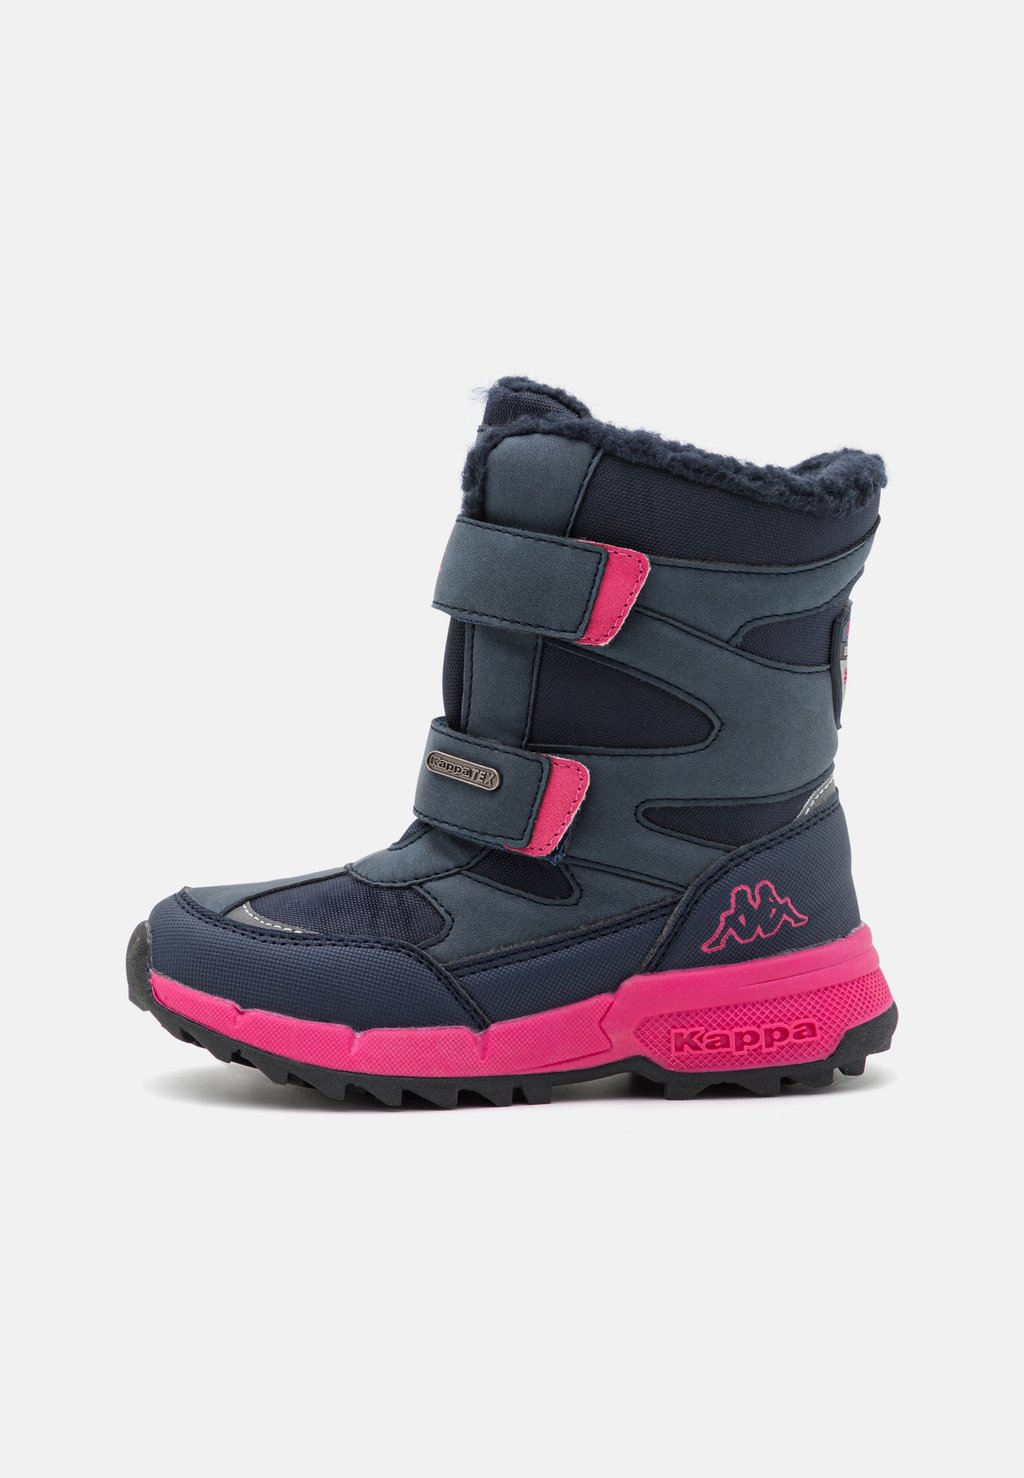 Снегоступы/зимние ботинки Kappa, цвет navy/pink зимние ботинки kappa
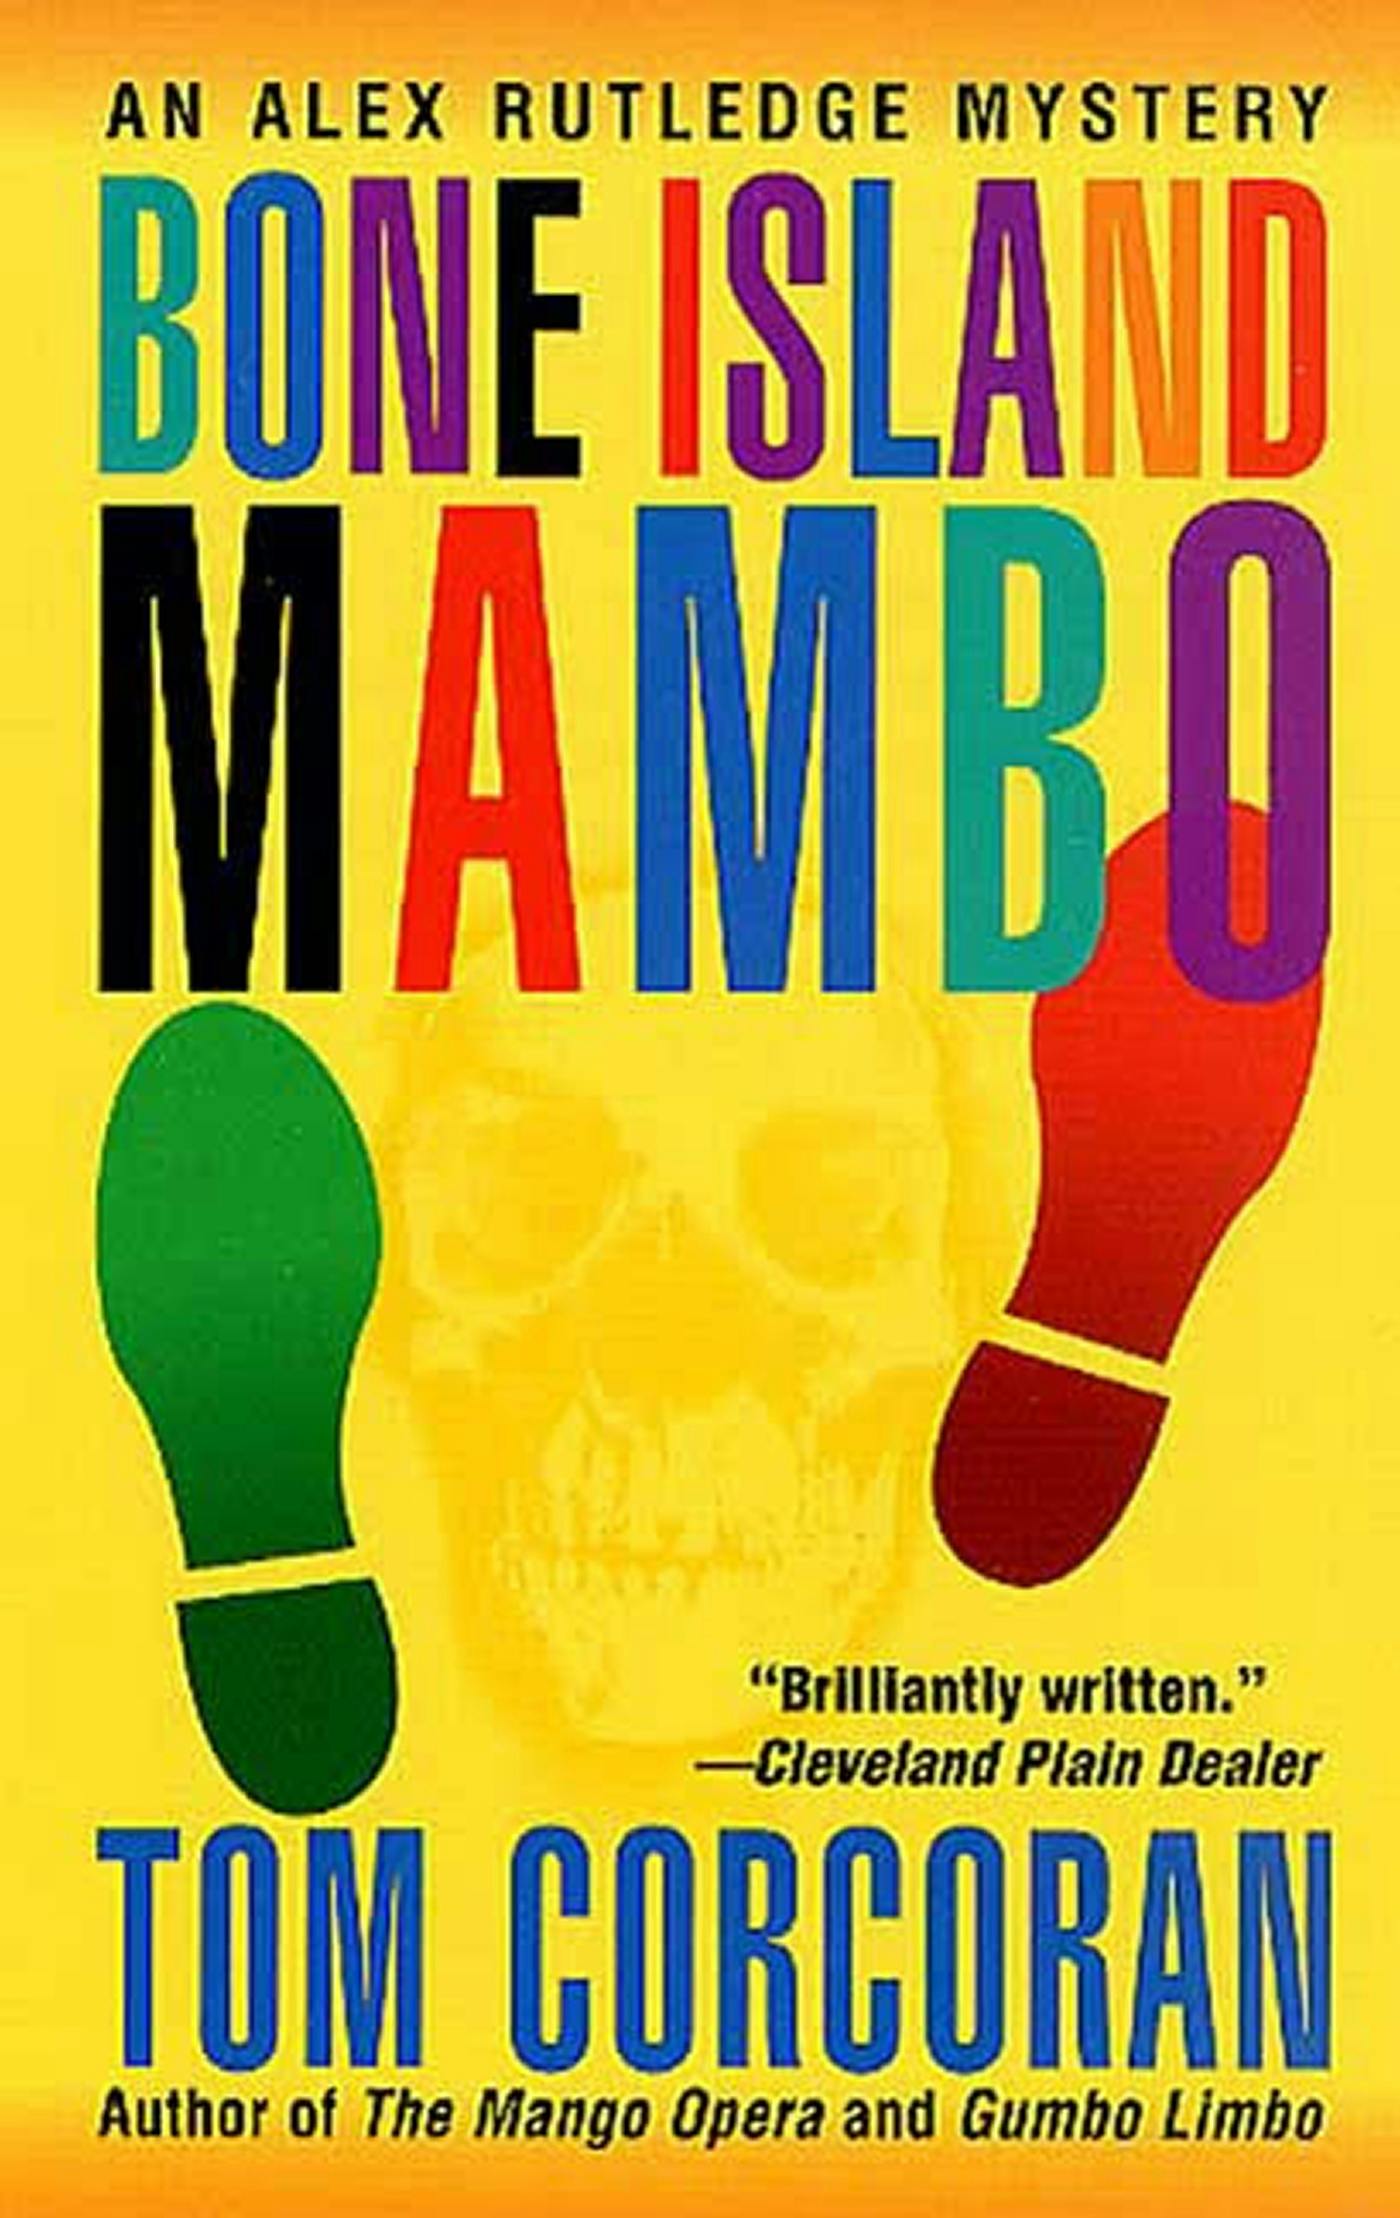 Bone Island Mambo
--
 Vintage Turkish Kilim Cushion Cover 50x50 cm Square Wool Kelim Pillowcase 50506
--
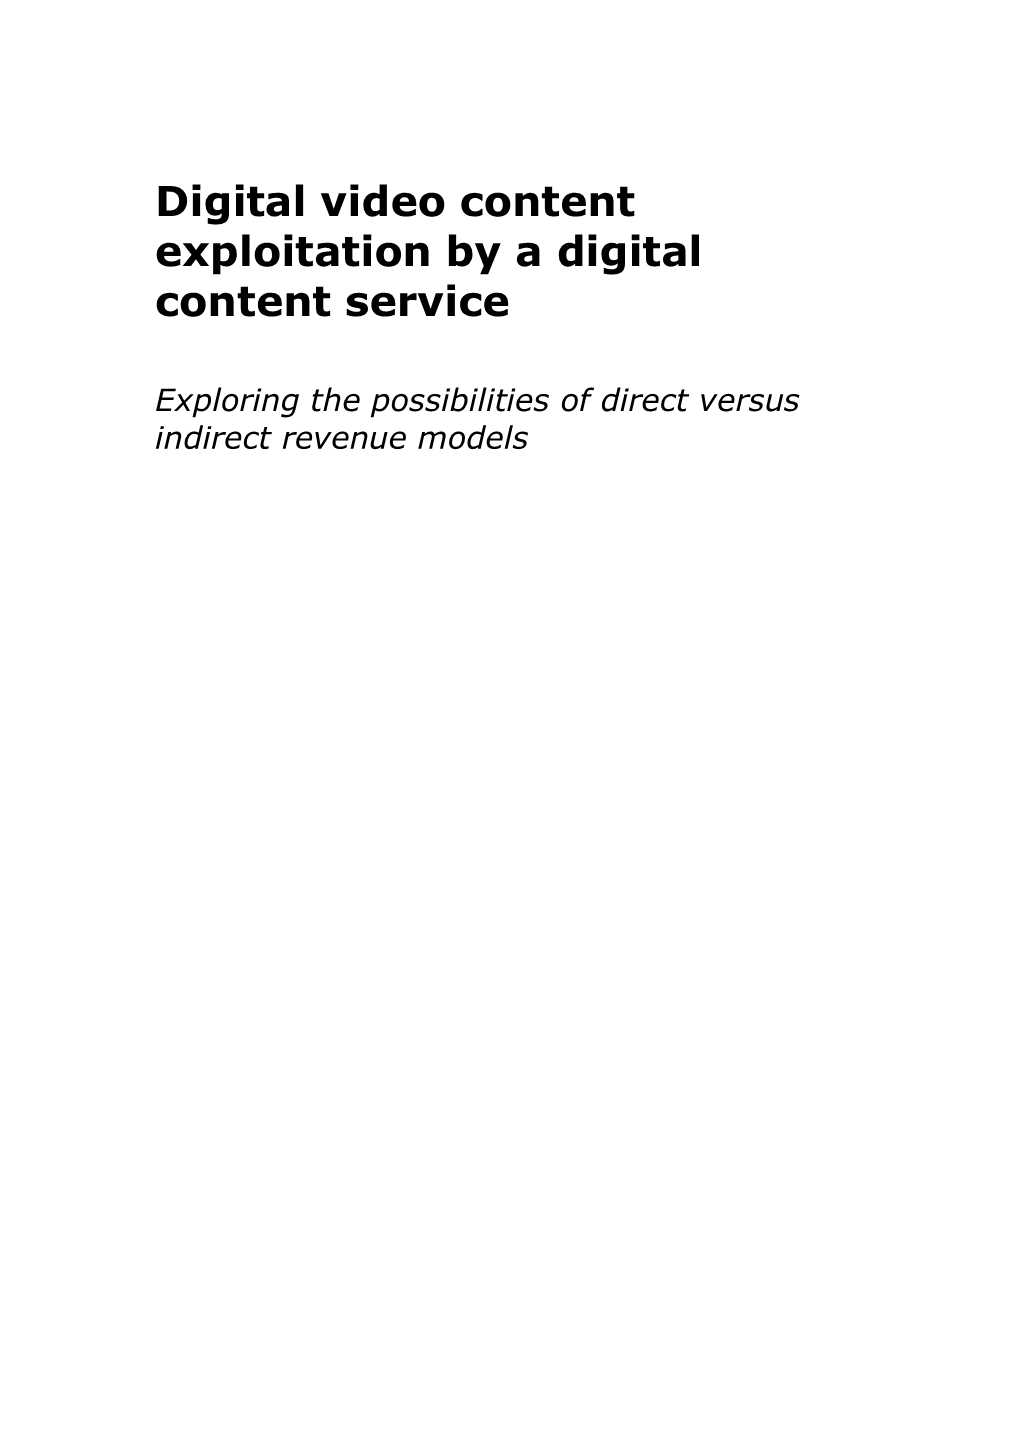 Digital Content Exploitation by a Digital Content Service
--
> **TASK DIRECTIONS**: When you reach the line containing "Снегоступы/зимние ботинки Kappa, цвет" in the entries above, begin restating word for word, and stop once the line containing "Bone Island Mambo" has been given. Omit the pictures.

> **EXERCISE OUTPUT**:
 Снегоступы/зимние ботинки Kappa, цвет navy/pink зимние ботинки kappa
 Bone Island Mambo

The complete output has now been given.